How to complete this task –
In the listing that follows, give every line again exactly and omit the pictures.

Recorded data –

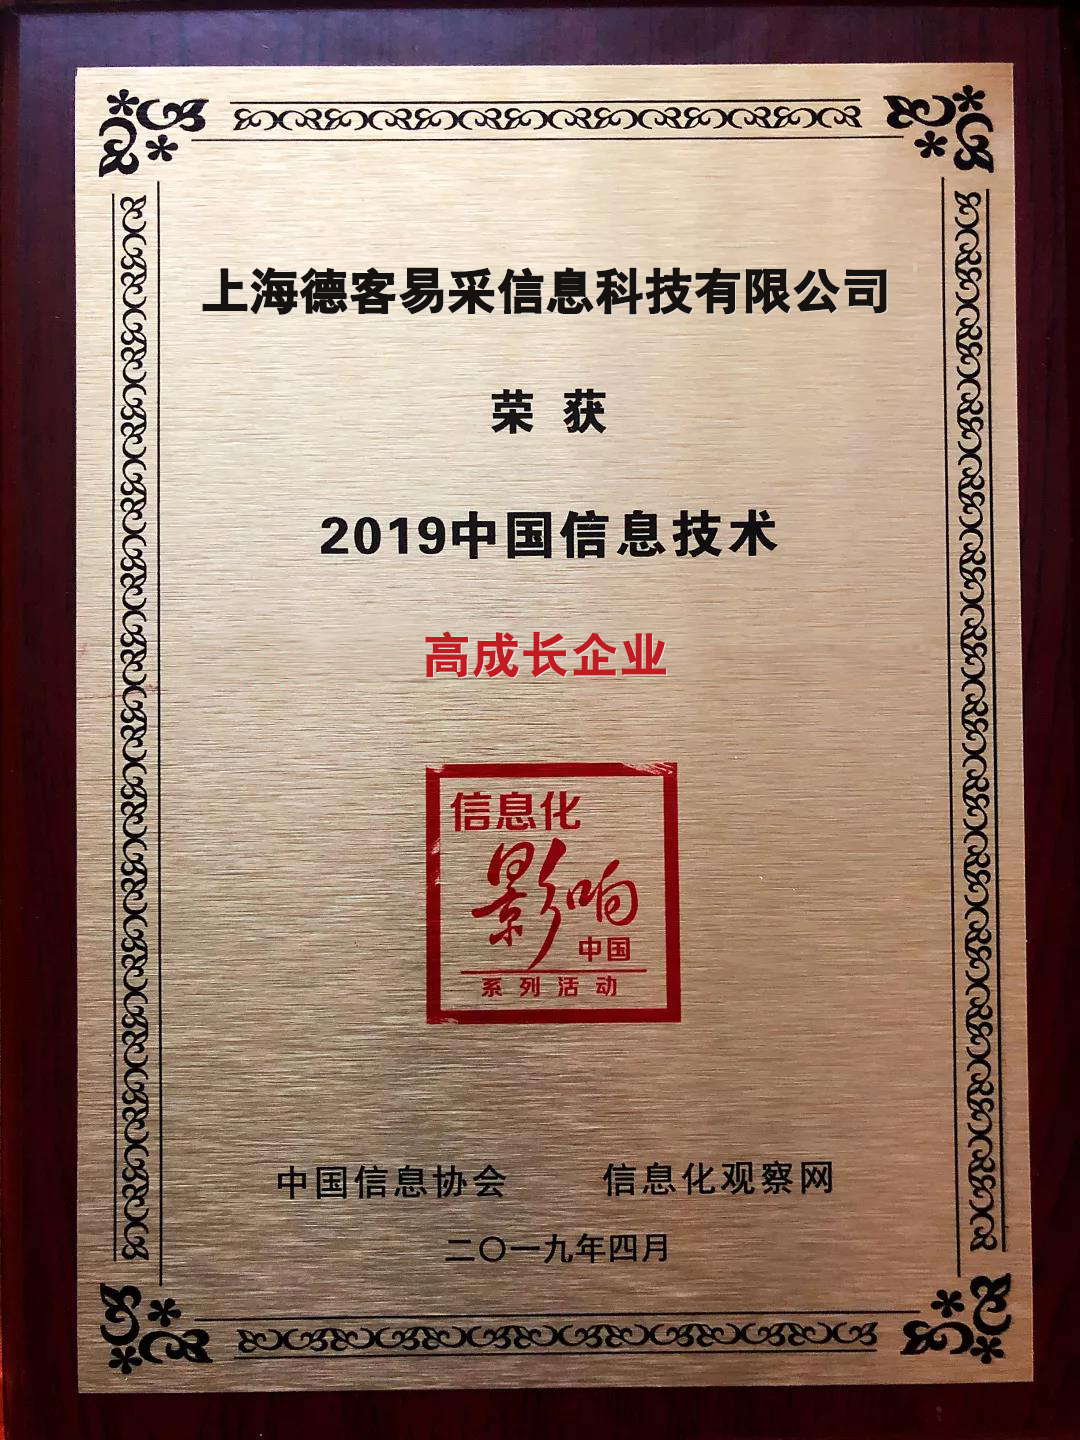 德客易采荣膺2019中国信息技术大会两大奖项 55
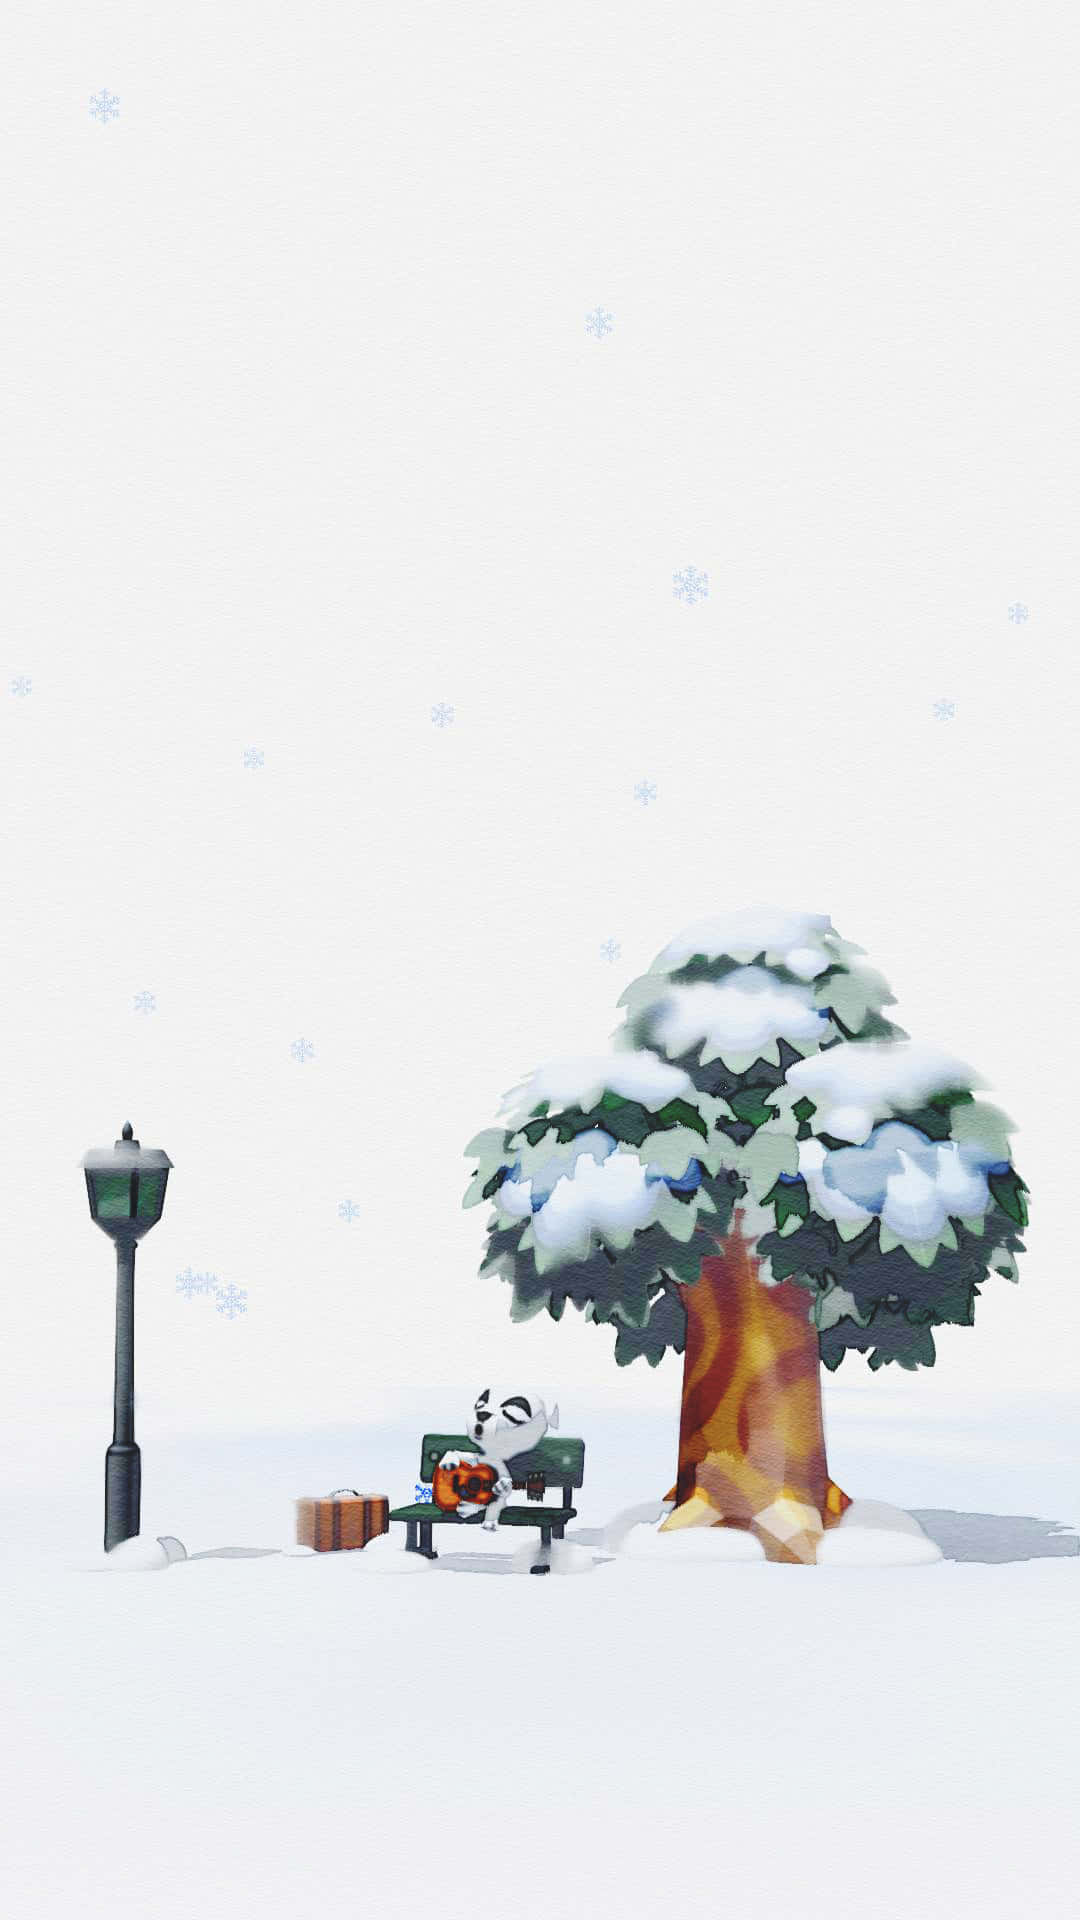 'erlebedie Magie Von Animal Crossing Im Winter' Wallpaper
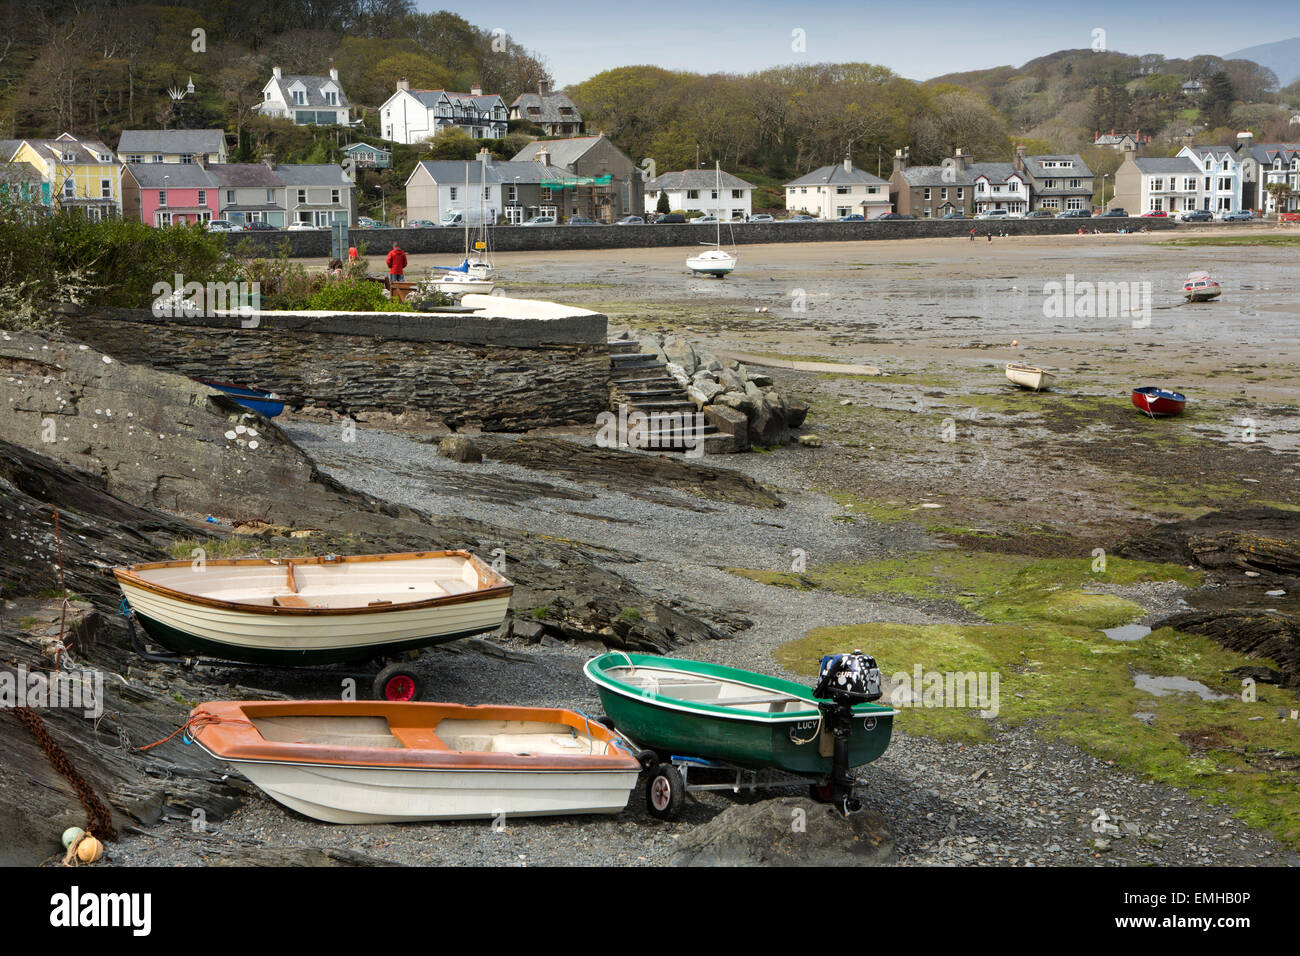 UK, Wales, Gwynedd, Porthmadog, Borth-Y-Gest, harbour at low tide Stock Photo

Exercise answer –
 德客易采荣膺2019中国信息技术大会两大奖项 55
 'erlebedie Magie Von Animal Crossing Im Winter' Wallpaper
 UK, Wales, Gwynedd, Porthmadog, Borth-Y-Gest, harbour at low tide Stock Photo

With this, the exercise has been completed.